LoReMe (Long Read Methylaton) is a Python package facilitating analysis of
DNA methylation signals from [Pacific Biosciences](https://www.pacb.com/technology/hifi-sequencing/)
or [Oxford Nanopore](https://nanoporetech.com/applications/dna-nanopore-sequencing)
long read sequencing data.

It consists of an API and CLI for three distinct applications:

1. Pacific Biosciences data processing.

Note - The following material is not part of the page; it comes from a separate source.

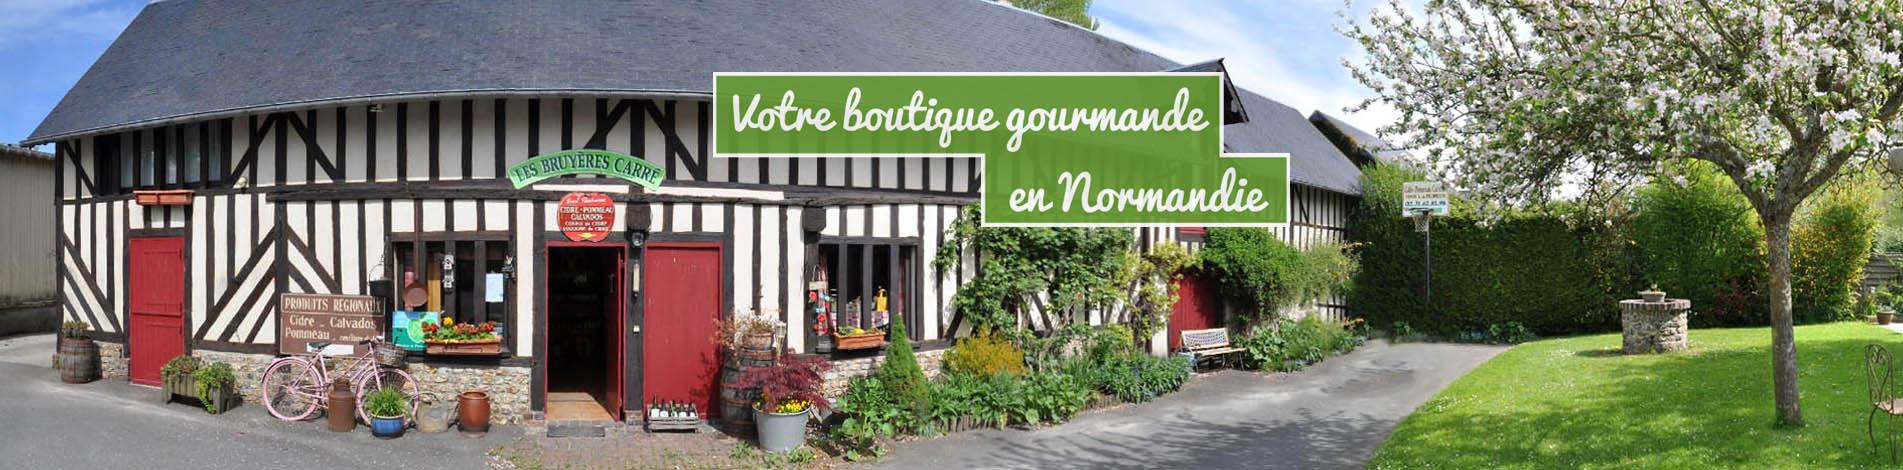 boutique normande cidre calvados

PB reads in SAM/BAM format are aligned
to a reference genome with the special-purpose aligner [pbmm2](https://github.com/PacificBiosciences/pbmm2>),
a modified version of [minimap2](https://lh3.github.io/minimap2/).
Methylation calls are then piled up from the aligned reads with [pb-CpG-tools](https://github.com/PacificBiosciences/pb-CpG-tools).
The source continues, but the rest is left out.